You have the project ID for your Google Cloud project. Refer to Identifying projects in the Google Cloud documentation.
You know the machine type for the node pool and that the machine type is supported in your region and zone. Refer to GPU platforms in the Google Cloud documentation.

Using the Google Driver Installer

Perform the following steps to create a GKE cluster with the gcloud CLI and use Google driver installer to manage the GPU driver. You can create a node pool that uses a Container-Optimized OS node image or a Ubuntu node image.

Create the node pool.

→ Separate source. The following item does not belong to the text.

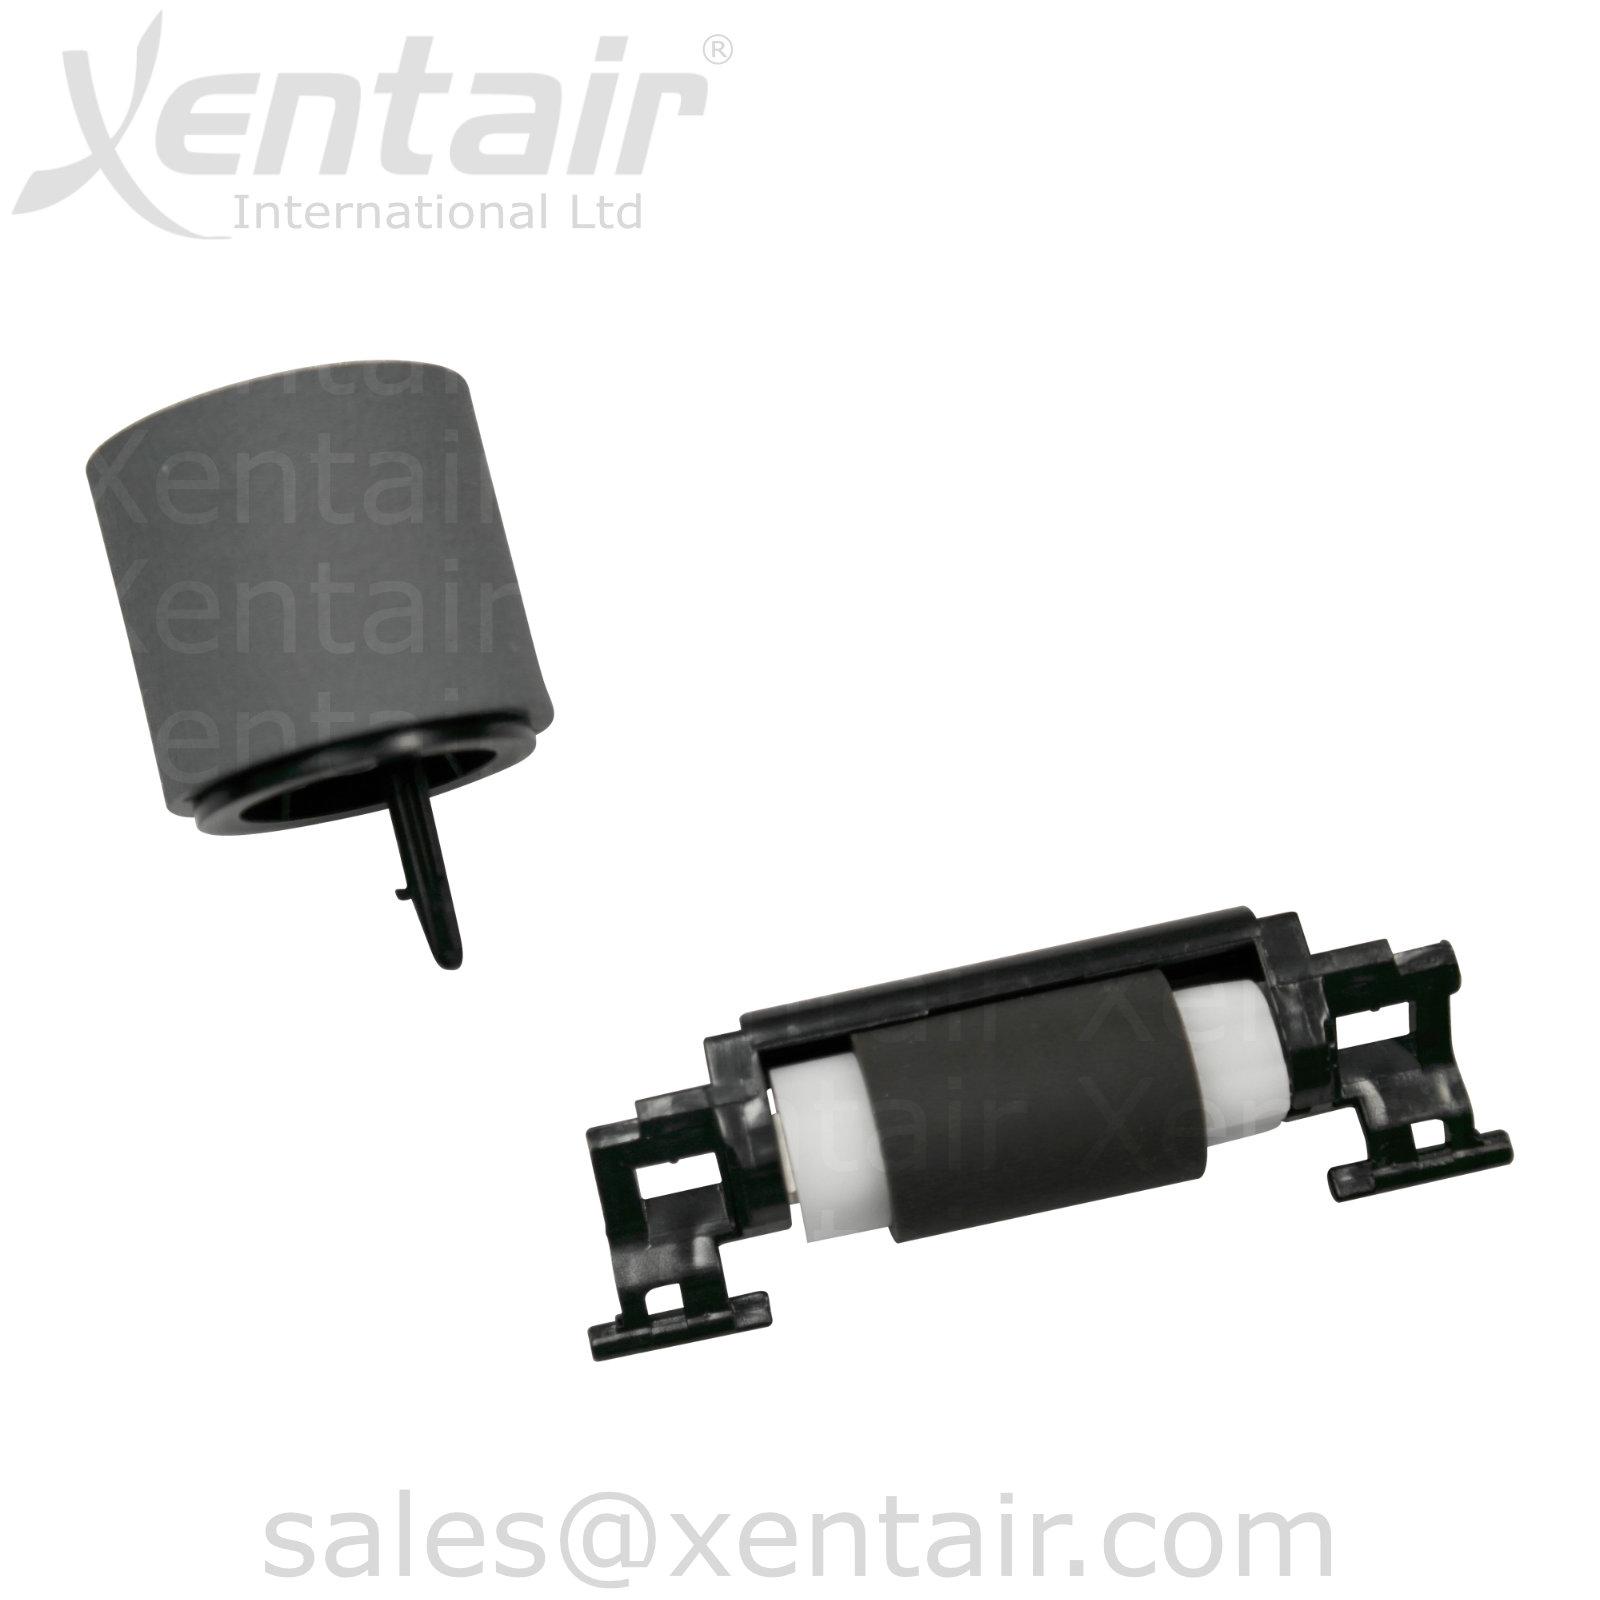 Compatible Feed Roll Maintenance Kit For Use In The Xerox® Phaser™ 3330 WorkCentre™ 3335 3345 108R01470 108R1470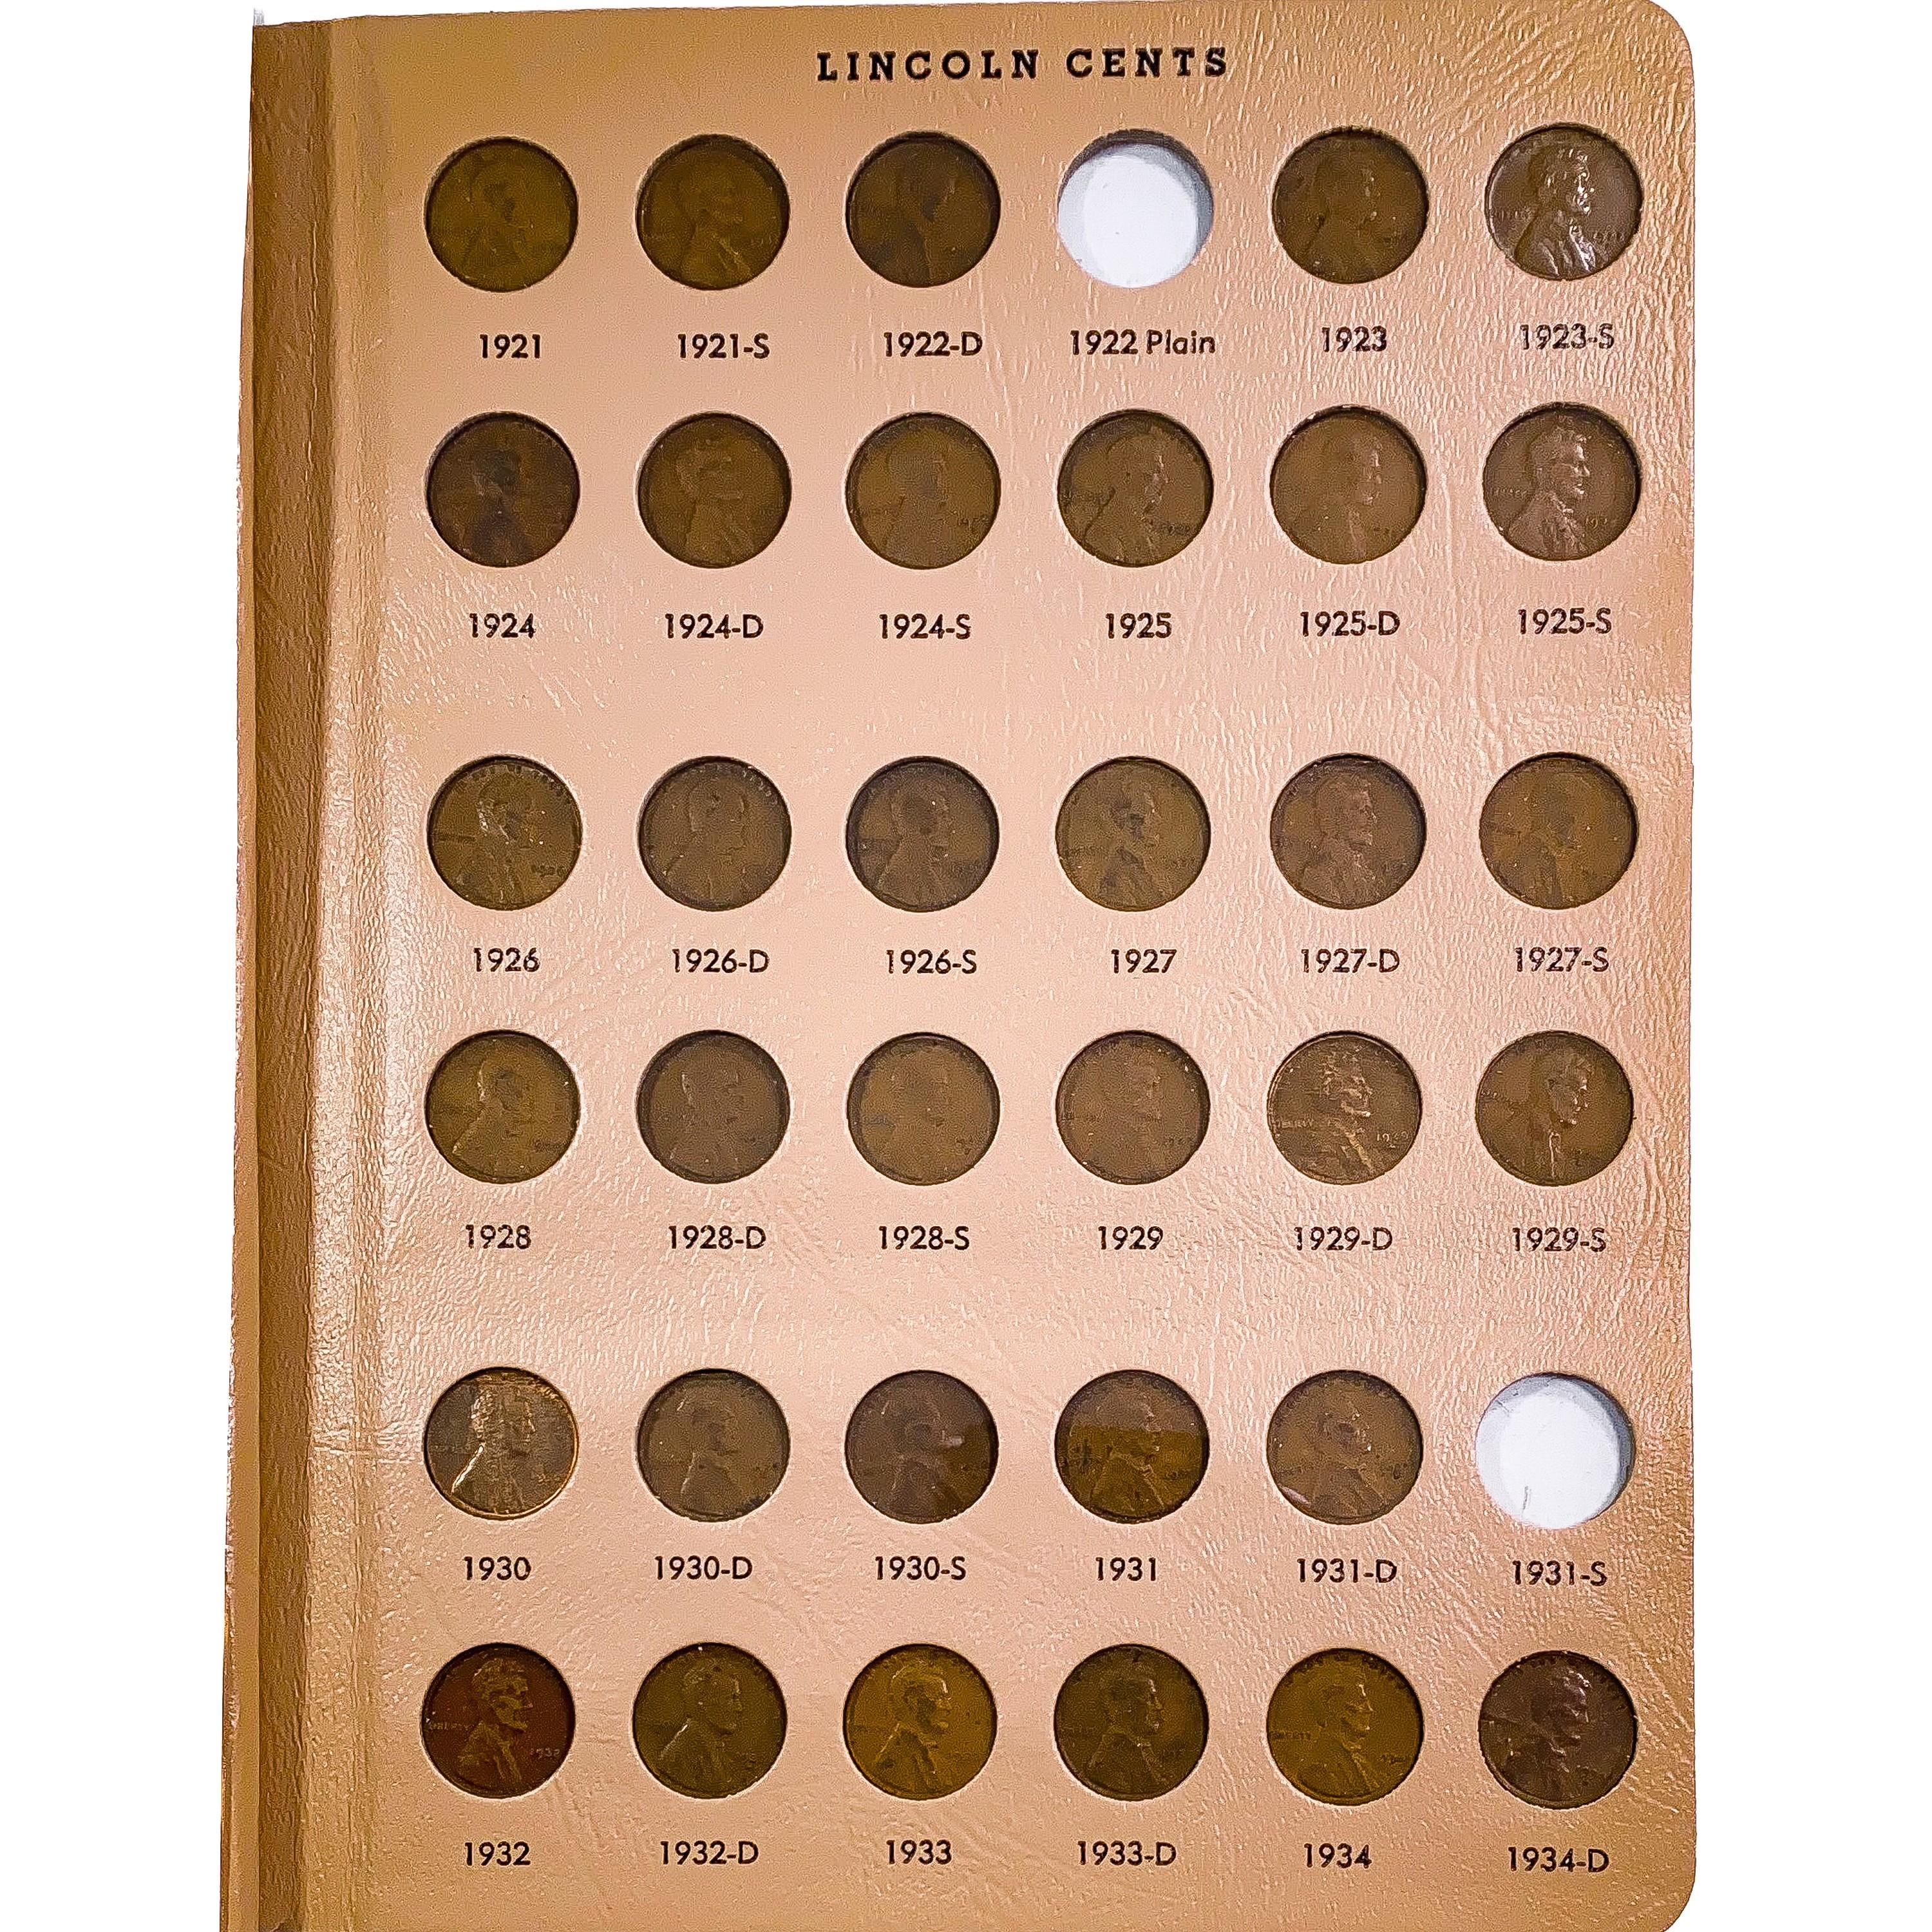 1909-1991 Lincoln Cent Collection [208 Coins]

Refer to Running GPUs in GKE Standard clusters in the GKE documentation.

When you create the node pool, specify the following additional gcloud command-line options to disable GKE features that are not supported with the Operator:
- --node-labels="gke-no-default-nvidia-gpu-device-plugin=true"
  
  The node label disables the GKE GPU device plugin daemon set on GPU nodes.
- --accelerator type=...,gpu-driver-version=disabled
  
  This argument disables automatically installing the GPU driver on GPU nodes.

Get the authentication credentials for the cluster:

$ gcloud container clusters get-credentials demo-cluster --location us-west1

Optional: Verify that you can connect to the cluster:
```
$ kubectl get nodes -o wide
```
Create the namespace for the NVIDIA GPU Operator:
```
$ kubectl create ns gpu-operator
```

Create a file, such as gpu-operator-quota.yaml, with contents like the following example:

apiVersion: v1
kind: ResourceQuota
metadata:
  name: gpu-operator-quota
spec:
  hard:
    pods: 100
  scopeSelector:
    matchExpressions:
    - operator: In
      scopeName: PriorityClass
      values:
        - system-node-critical
        - system-cluster-critical

Apply the resource quota:

$ kubectl apply -n gpu-operator -f gpu-operator-quota.yaml

Optional: View the resource quota:

$ kubectl get -n gpu-operator resourcequota

Example Output

NAME                  AGE     REQUEST
gpu-operator-quota    38s     pods: 0/100

Install the Google driver installer daemon set.

For Container-Optimized OS:
```
$ kubectl apply -f https://raw.githubusercontent.com/GoogleCloudPlatform/container-engine-accelerators/master/nvidia-driver-installer/cos/daemonset-preloaded.yaml
```
For Ubuntu, the manifest to apply depends on GPU model and node version. Refer to the Ubuntu tab at Manually install NVIDIA GPU drivers in the GKE documentation.

Install the Operator using Helm:

$ helm install --wait --generate-name \
    -n gpu-operator \
    nvidia/gpu-operator \
    --version=v24.9.1 \
    --set hostPaths.driverInstallDir=/home/kubernetes/bin/nvidia \
    --set toolkit.installDir=/home/kubernetes/bin/nvidia \
    --set cdi.enabled=true \
    --set cdi.default=true \
    --set driver.enabled=false

Set the NVIDIA Container Toolkit and driver installation path to /home/kubernetes/bin/nvidia. On GKE node images, this directory is writable and is a stateful location for storing the NVIDIA runtime binaries.

To configure MIG with NVIDIA MIG Manager, specify the following additional Helm command arguments:

--set migManager.env[0].name=WITH_REBOOT \
--set-string migManager.env[0].value=true

Using NVIDIA Driver Manager

Perform the following steps to create a GKE cluster with the gcloud CLI and use the Operator and NVIDIA Driver Manager to manage the GPU driver. The steps create the cluster with a node pool that uses a Ubuntu and containerd node image.

Create the cluster by running a command that is similar to the following example:

$ gcloud beta container clusters create demo-cluster \
    --project <project-id> \
    --location us-west1 \
    --release-channel "regular" \
    --machine-type "n1-standard-4" \
    --accelerator "type=nvidia-tesla-t4,count=1" \
    --image-type "UBUNTU_CONTAINERD" \
    --node-labels="gke-no-default-nvidia-gpu-device-plugin=true" \
    --disk-type "pd-standard" \
    --disk-size "1000" \
    --no-enable-intra-node-visibility \
    --metadata disable-legacy-endpoints=true \
    --max-pods-per-node "110" \
    --num-nodes "1" \
    --logging=SYSTEM,WORKLOAD \
    --monitoring=SYSTEM \
    --enable-ip-alias \
    --default-max-pods-per-node "110" \
    --no-enable-master-authorized-networks \
    --tags=nvidia-ingress-all

Creating the cluster requires several minutes.